Werner Vosloo ND, MHom

Nerve Stimulation Cuts Down on Migraines

By Crystal Phend, Senior Staff Writer, MedPage Today

Published: February 11, 2013
Reviewed by Robert Jasmer, MD; Associate Clinical Professor of Medicine, University of California, San Francisco and Dorothy Caputo, MA, BSN, RN, Nurse Planner

 

A noninvasive device that electrically stimulates the trigeminal nerve prevented migraines for patients whose episodes were not well controlled by medication alone, a trial showed.

The number of days with a migraine dropped significantly by about two per month in the supraorbital transcutaneous stimulation group, without a change in the sham control group, Jean Schoenen, MD, PhD, of Belgium’s Liège University, and colleagues found.

While the difference between the two didn’t reach statistical significance, the coprimary endpoint showed three times more responders with at least a 50% drop in migraine days with neurostimulation (38% versus 12%, P=0.023), the group reported in the Feb. 19 issue of Neurology.

“The therapeutic gain (26%) is within the range of those reported for other preventive drug and nondrug anti-migraine treatments,” they wrote.

An accompanying editorial called for further study due to some issues with the trial, particularly whether blinding was good enough.

The 16 mA electrical pulses delivered by the device at 60 Hz intervals would be easy to feel if patients touched the electrodes whereas the 1 mA-, 1 Hz-sham stimuli “would be barely noticeable,” noted Eishi Asano, MD, PhD, of Wayne State University in Detroit, and Peter J. Goadsby, MD, PhD, of the University of California San Francisco.

“Taken together, this study has provided Class III evidence that neurostimulation with this device is effective and safe as a preventive therapy for migraine,” they concluded.

The PREMICE trial (Prevention of Migraine using the STS Cefaly) randomized 67 adults with at least two migraine attacks per month, regardless of aura, at five Belgian tertiary headache clinics to wear the sham or real device for 20 minutes daily for 3 months.

The Cefaly device consists of an eye glasses-style band with a self-adhesive electrode above the bridge of the nose covering the supratrochlear and supraorbital branches of the trigeminal nerve.

In an attempt to minimize unblinding, patients weren’t asked what the stimulation with their device felt like, weren’t enrolled if they were acquainted with another participant, and were kept from contact with each other during office visits so they wouldn’t have a chance to compare.

The sham group had a 20% drop in migraine days in the first month of treatment, similar to the active treatment group, but that effect disappeared thereafter.

By month 3, the mean number of migraine days in the neurostimulation group had fallen 30% to an average of 4.88 versus 6.94 per month during the run-in phase (P=0.023).

The average showed no change in the control group (6.54 versus 6.22 days per month, P=0.608).

“That the reduction in migraine days after effective supraorbital transcutaneous stimulation treatment just failed to reach the level of significance compared to sham stimulation may be due to the fact that the study was powered for responder rates, not for reduction in migraine days,” the researchers suggested.

Results didn’t differ by migraine aura status.
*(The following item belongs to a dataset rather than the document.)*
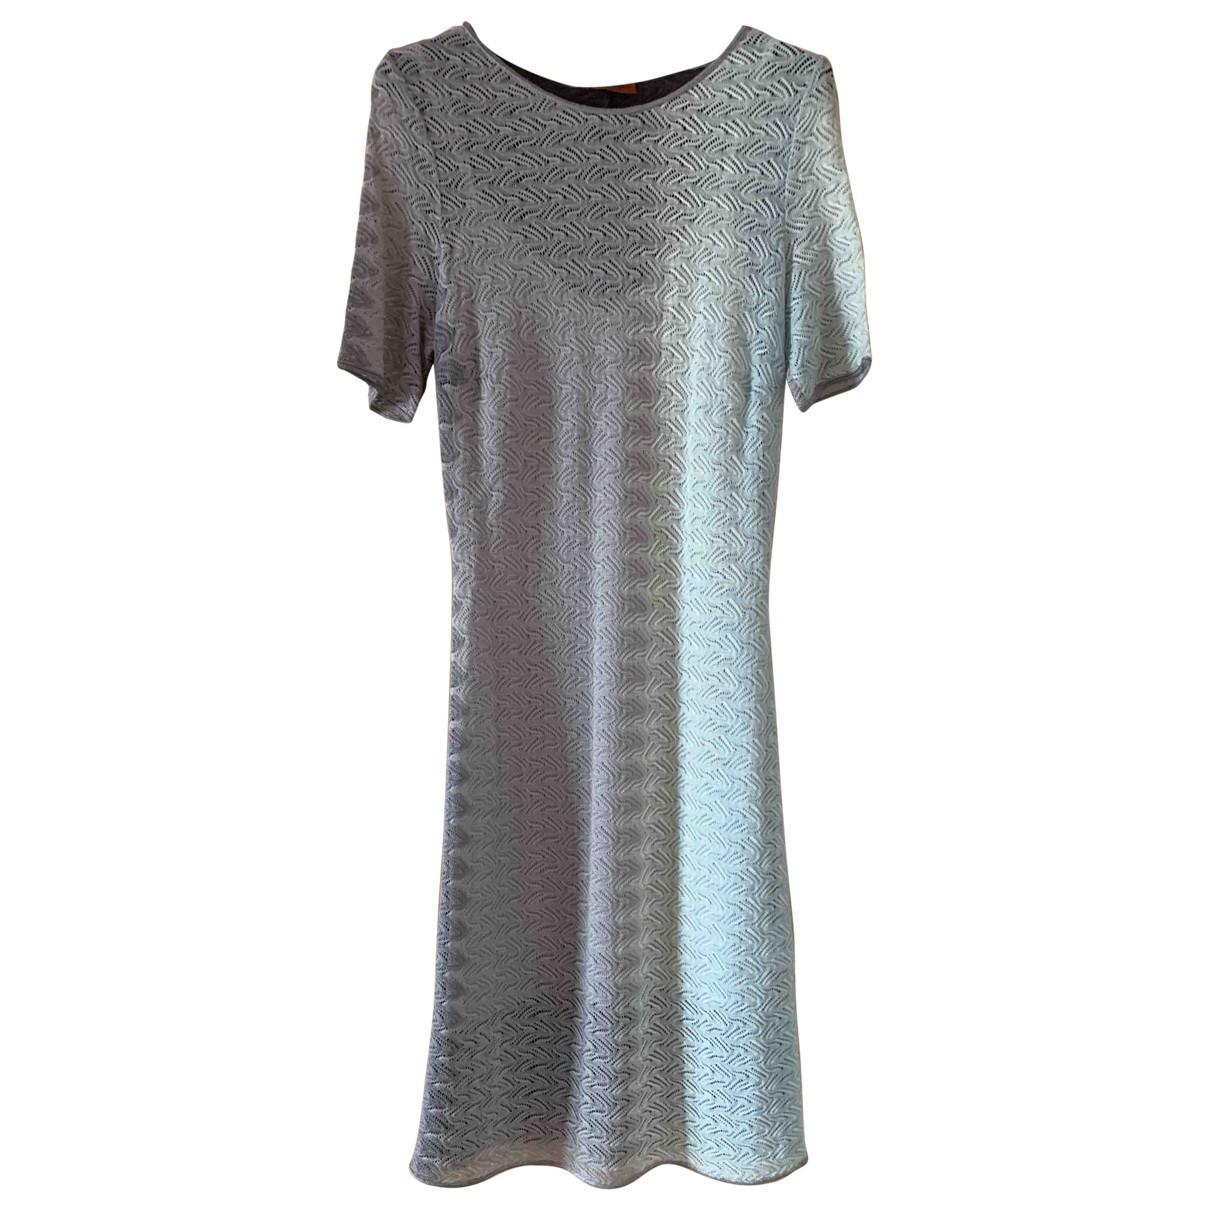 Missoni \N Kleid in  Grau Wolle

Among the secondary endpoints, significant advantages of neurostimulation versus sham were:

  • Fewer monthly migraine attacks (19% versus 4% decline)
  • Fewer days per month with any headache (33% versus 4% reduction)
  • Lower monthly intake of acute anti-migraine drugs (-37% versus +1%)

 

By comparison, the migraine prevention drug topiramate (Topamax) reduced monthly migraine days by 44% and monthly migraine attacks by 48%, with a 50% responder rate of 45% across its clinical trials.
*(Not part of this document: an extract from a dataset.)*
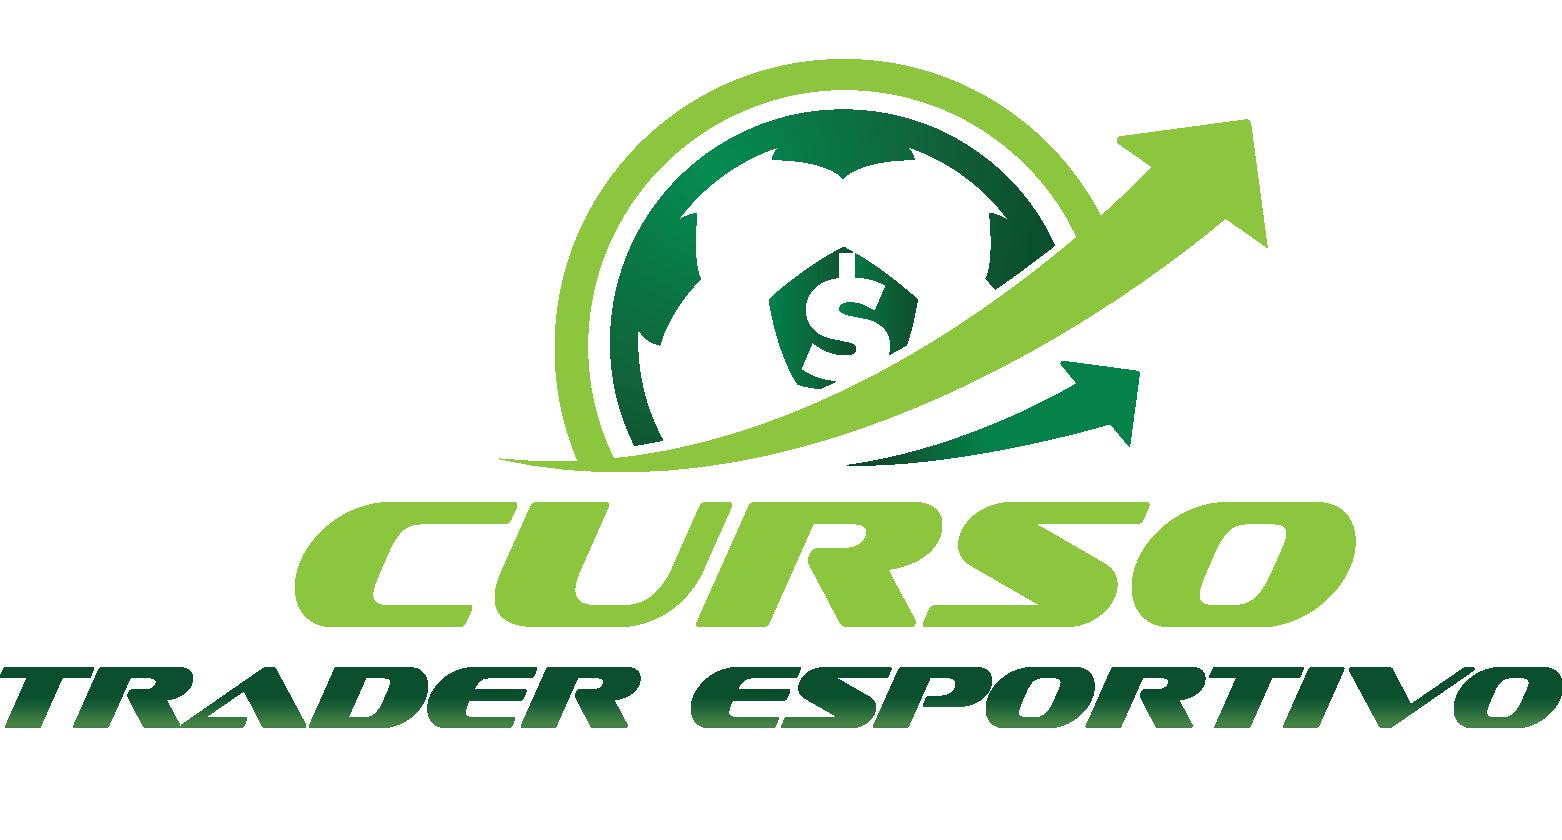 Trader Esportivo 2.0

Responder rates for other anticonvulsants, propranolol (Inderal), and behavioral therapy are in the same range as for the neurostimulation device.

“Since supraorbital transcutaneous stimulation therapy seems to be effective and well tolerated, it can be combined with drug treatments without risking cumulative adverse effects,” Schoenen’s group pointed out.

No adverse events or side effects occurred in either group.

The researchers acknowledged partial unblinding as a potential limitation of the study, as well as the younger age and shorter duration of migraine in the treatment group.